A recently patched security flaw in Microsoft Windows Server Update Services (WSUS) has been exploited by threat actors to distribute malware known as ShadowPad.
“The attacker targeted Windows Servers with WSUS enabled, exploiting CVE-2025-59287 for initial access,” AhnLab Security Intelligence Center (ASEC) said in a report published last week. “They then used PowerCat, an open-source PowerShell-based Netcat utility, to obtain a system shell (CMD). Subsequently, they downloaded and installed ShadowPad using certutil and curl.”
ShadowPad, assessed to be a successor to PlugX, is a modular backdoor widely used by Chinese state-sponsored hacking groups. It first emerged in 2015. In an analysis published in August 2021, SentinelOne called it a “masterpiece of privately sold malware in Chinese espionage.”
CVE-2025-59287, addressed by Microsoft last month, refers to a critical deserialization flaw in WSUS that could be exploited to achieve remote code execution with system privileges. The vulnerability has since come under heavy exploitation, with threat actors using it to obtain initial access to publicly exposed WSUS instances, conduct reconnaissance, and even drop legitimate tools like Velociraptor.
|
ShadowPad installed via CVE-2025-59287 exploit |
In the attack documented by the South Korean cybersecurity company, the attackers have been found to weaponize the vulnerability to launch Windows utilities like “curl.exe” and “certutil.exe,” to contact an external server (“149.28.78[.]189:42306”) to download and install ShadowPad.

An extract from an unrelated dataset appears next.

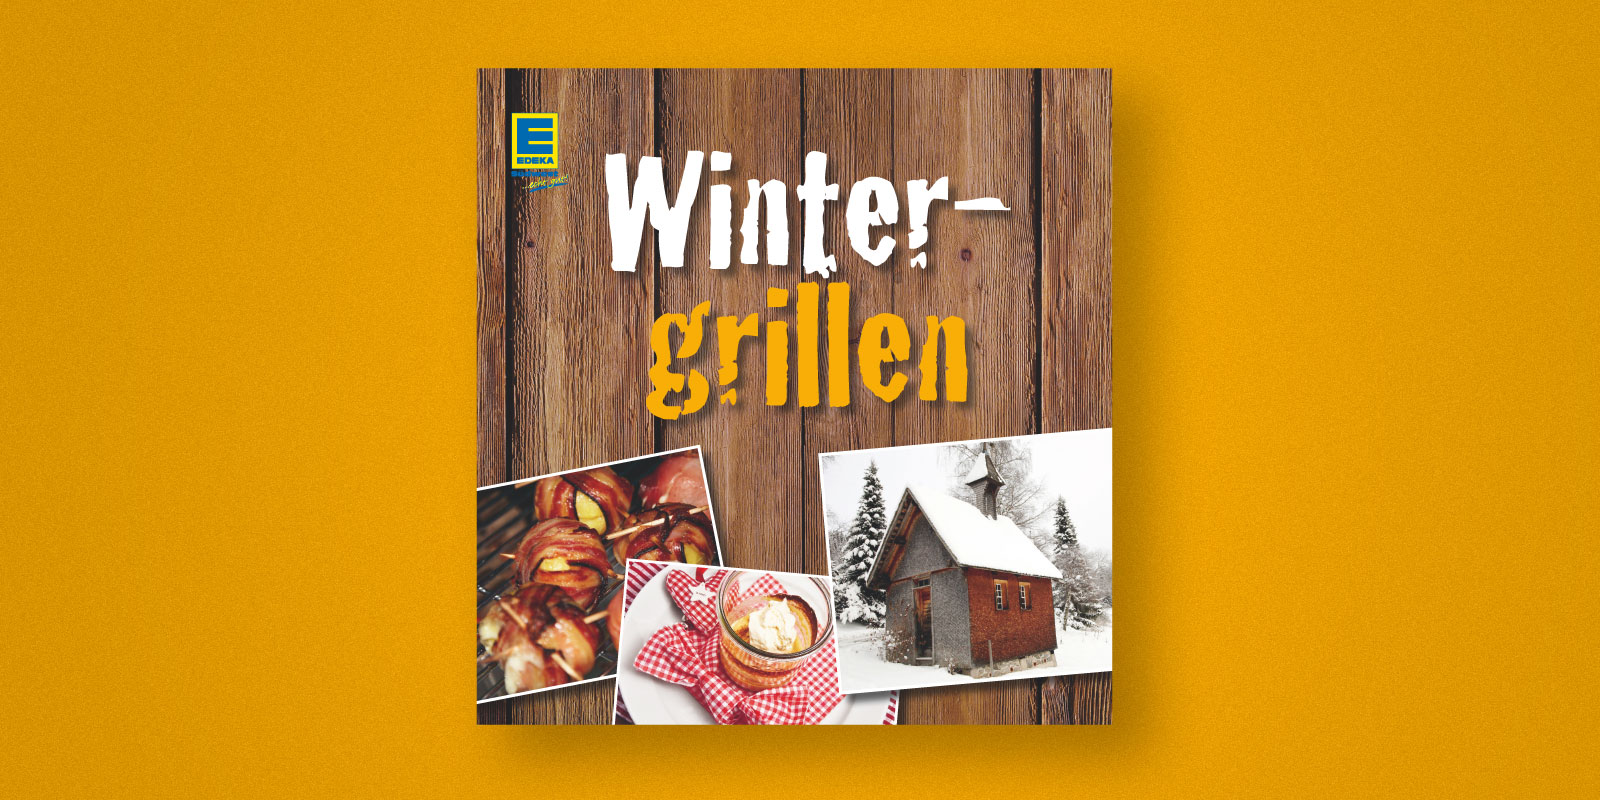 Edeka Südwest – Wintergrillen Broschüre

ShadowPad, similar to PlugX, is launched by means of DLL side-loading, leveraging a legitimate binary (“ETDCtrlHelper.exe”) to execute a DLL payload (“ETDApix.dll”), which serves as a memory-resident loader to execute the backdoor.
Once installed, the malware is designed to launch a core module that’s responsible for loading other plugins embedded in the shellcode into memory. It also comes fitted with a variety of anti-detection and persistence techniques. The activity has not been attributed to any known threat actor or group.
“After the proof-of-concept (PoC) exploit code for the vulnerability was publicly released, attackers quickly weaponized it to distribute ShadowPad malware via WSUS servers,” AhnLab said. “This vulnerability is critical because it allows remote code execution with system-level permission, significantly increasing the potential impact.”